First, the long digression into why it's timely....
<digression class="rant pissed sears-sucks">
I have a project - blew the gearbox on the snowblower and want to have it repaired before the storm comes in on Feb 2. So, on Jan 28, I go to Sears Parts Direct and several other places. Sears is more expensive, but they offer expedited delivery to have it here on Jan 31. Sold! I also ordered some semi-special grease for snowblower gearboxes and some gasket maker via Amazon, plain old Prime, which also said Jan 31 delivery.
Yesterday I get notification from Amazon - order shipped, expect it on Jan 31.
Then I get notification from Sears - order shipped, expect it Feb 3, which is the date they were going to get it to me without expedited shipping. Shipping method: UPS Ground from Minnesota to California.
I call them up and say, "You promised delivery by Jan 31."
Answer: "Well, you ordered on a weekend."
Me: "Right, but you said Jan 31"
Her: "Do you know anyone who ships on the weekend?"

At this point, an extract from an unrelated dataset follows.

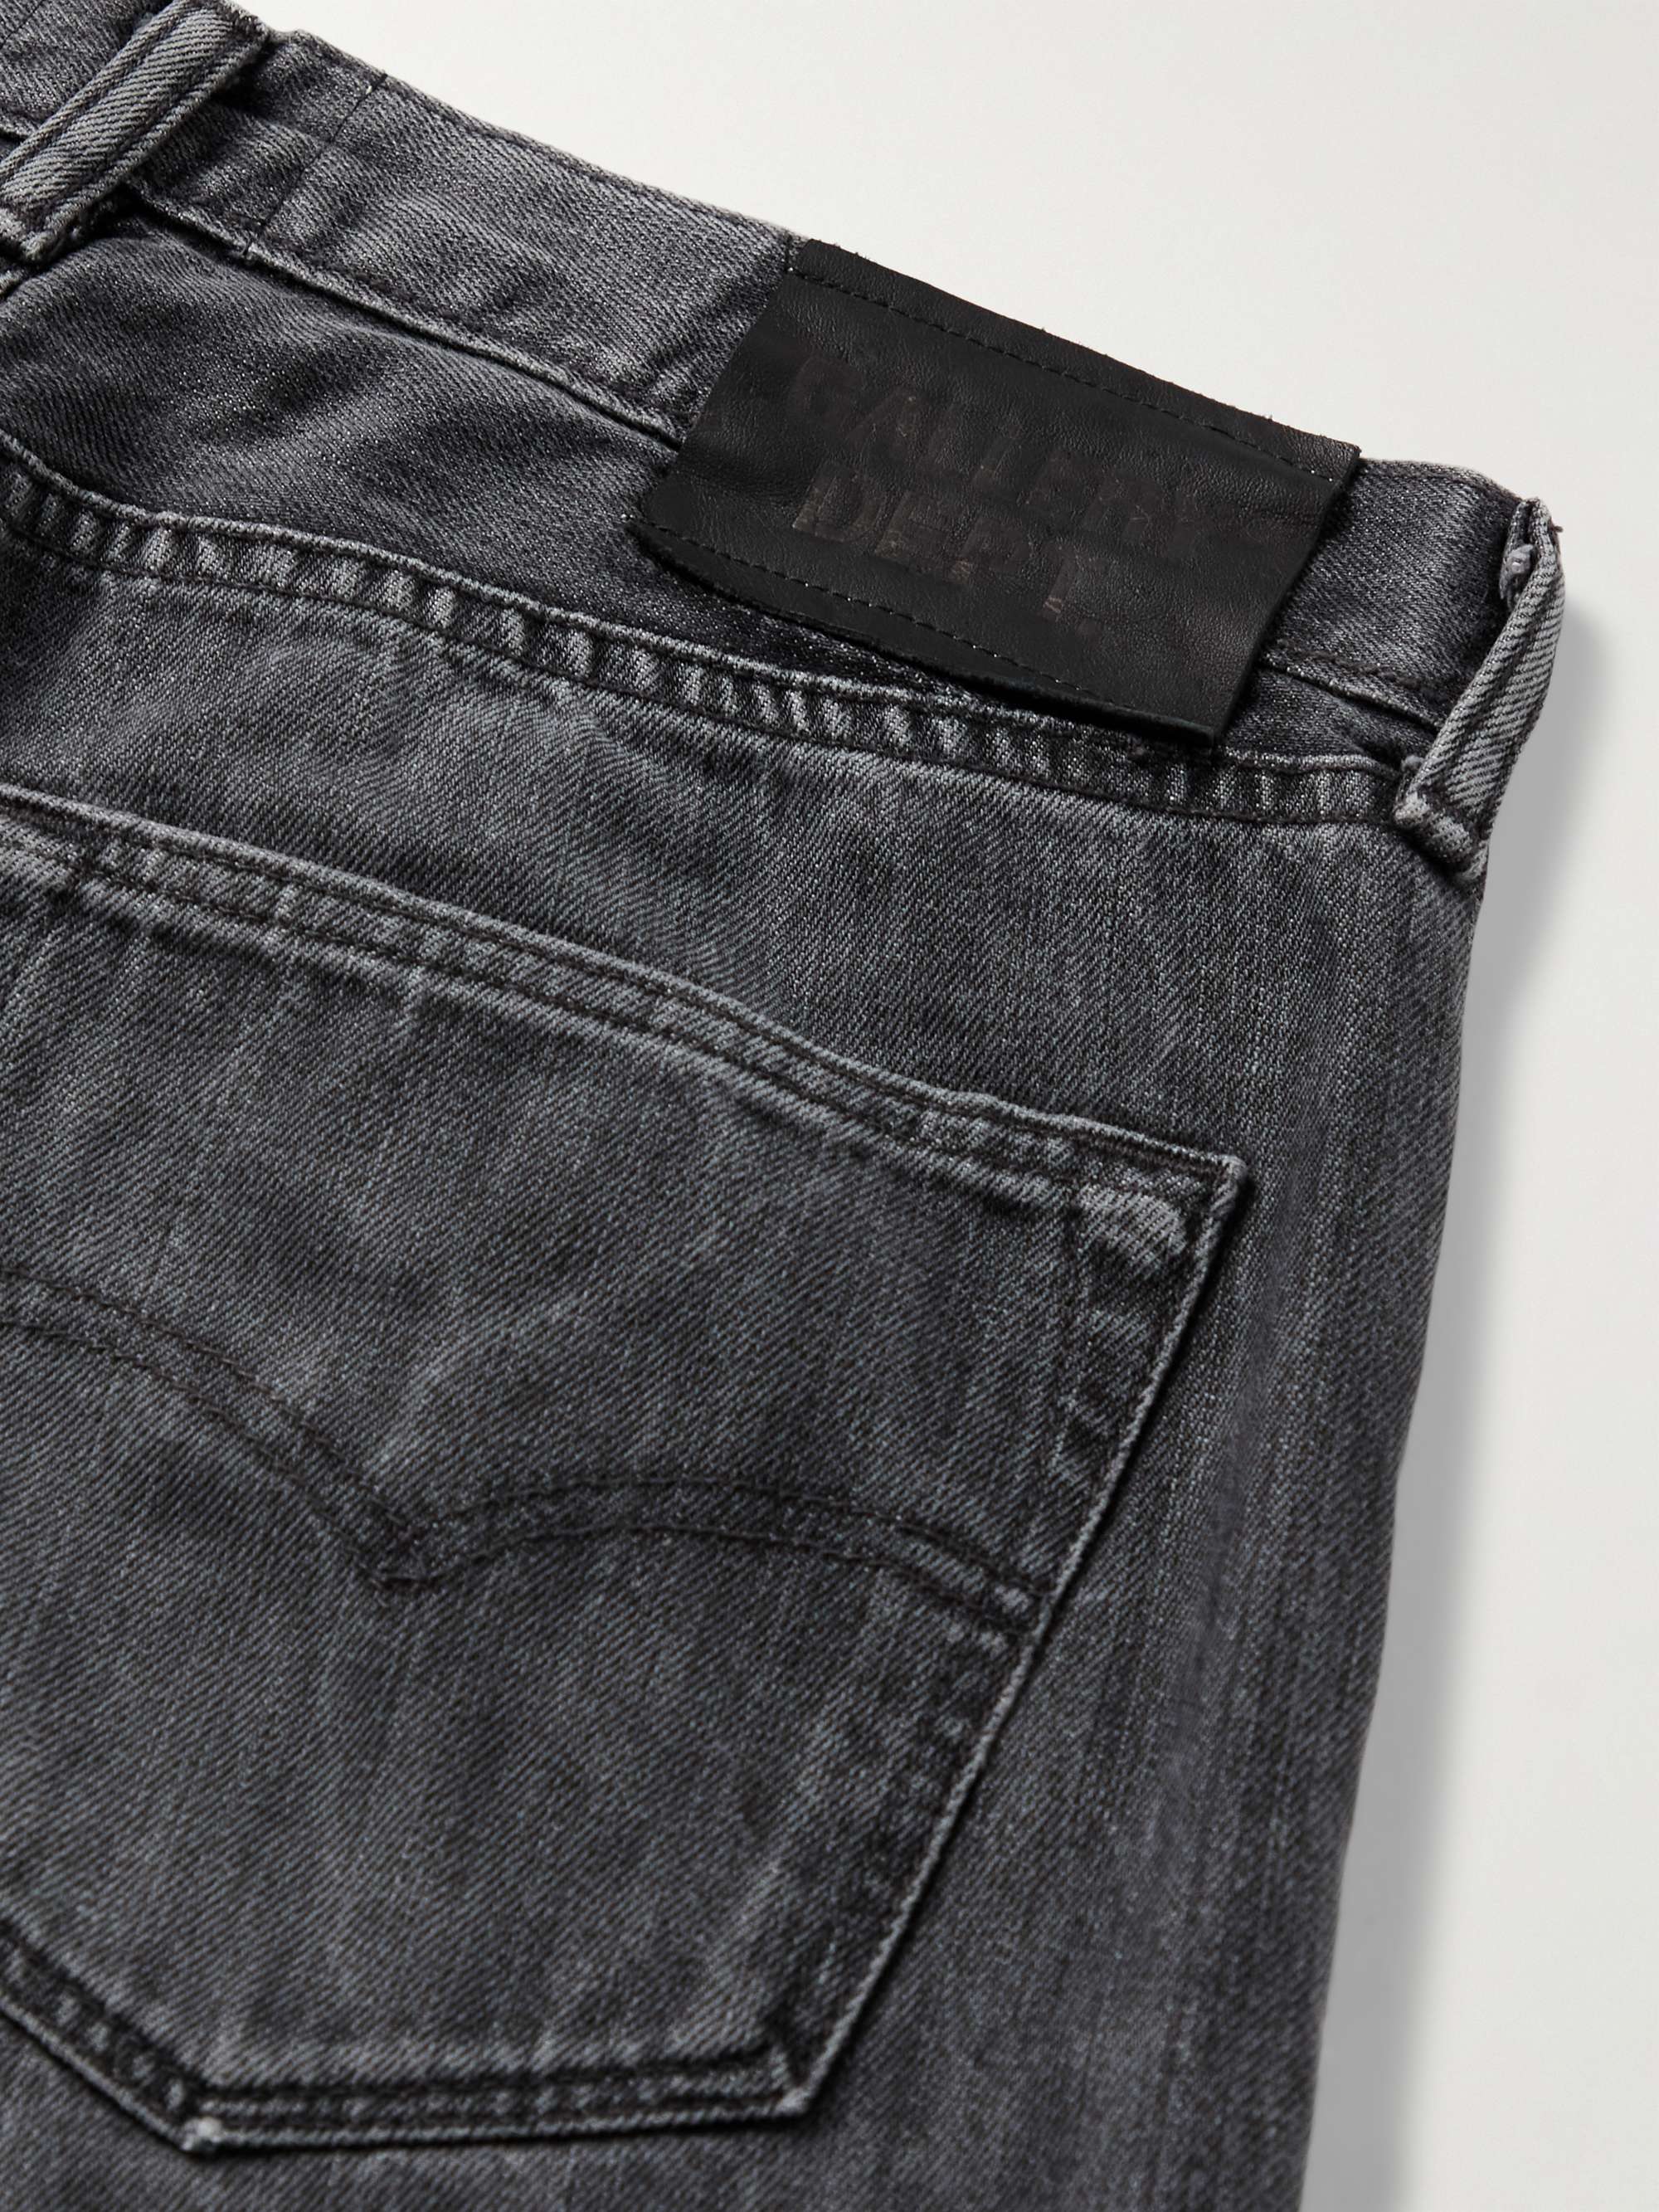 GALLERY DEPT. LA Slim-Fit Flared Frayed Studded Jeans

Me: "That's not the point. The point is you promised Jan 31 and you're delivering Feb 3."
Her (like I'm stupid): "Yes, because of the weekend. You should have known that it wouldn't arrive on Jan 31 if you order on the weekend."
Me: "Well why did your website promise Jan 31?"
Her: "Because expedited shipping typically takes three business days and the website doesn't take account of weekends."
WTF????
</digression>
So, back to your point. This has become completely unacceptable to me. Not just Amazon's fast delivery, but their accurate estimates are key to letting me plan and it affects how much "stock" I keep on the shelves at home and at what point I decide to drive into town and fetch it myself and when I trust the UPS driver to deliver my Amazon swag.
One article I read pointed out that the end point of this is to own a lot less stuff. If I have a project every couple years that demands a chop saw, should I own one? I own one now, but if I could rent one at $50 per time and delivery was fast, on-time and cheap, why would I own one?
The author was asserting that Uber and Zipcar, for example, is just the leading edge. As delivery gets faster and faster and cheaper and cheaper, your own/rent threshold gets pushed lower and lower.